The Atlantic hurricane season, which runs from June through November, had a relatively quiet start, with only three named storms before Sept. 1 and none during August, the first time that had happened since 1997. Storm activity picked up in early September with Danielle and Earl, which formed within a day of each other.
In early August, scientists at the National Oceanic and Atmospheric Administration issued an updated forecast for the rest of the season, which still called for an above-normal level of activity. In it, they predicted that the season — which runs through Nov. 30 — could see 14 to 20 named storms, with six to 10 turning into hurricanes with sustained winds of at least 74 m.p.h.
Three to five of those could strengthen into what NOAA calls major hurricanes — Category 3 or stronger — with winds of at least 111 m.p.h.
Last year, there were 21 named storms, after a record-breaking 30 in 2020. For the past two years, meteorologists have exhausted the list of names used to identify storms during the Atlantic hurricane season, an occurrence that has happened only one other time, in 2005.
The links between hurricanes and climate change have become clearer with each passing year. Data shows that hurricanes have become stronger worldwide during the past four decades.
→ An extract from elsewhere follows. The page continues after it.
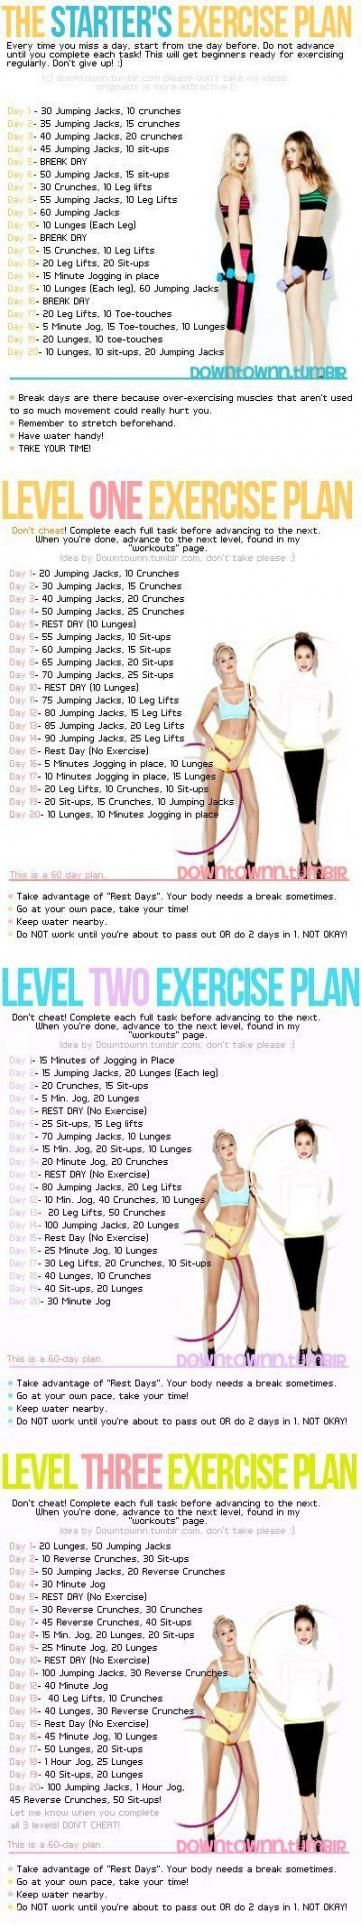 Fitness Equipment Design To Get 27+ Ideas #fitness #design

A warming planet can expect stronger hurricanes over time and a higher incidence of the most powerful storms, though the overall number of storms could drop because factors like stronger wind shear could keep weaker storms from forming.
Hurricanes are also becoming wetter because of increased water vapor in the warmer atmosphere; scientists have suggested storms like Hurricane Harvey in 2017 produced far more rain than they would have without the human effects on climate. Also, rising sea levels are contributing to higher storm surge — the most destructive element of tropical cyclones.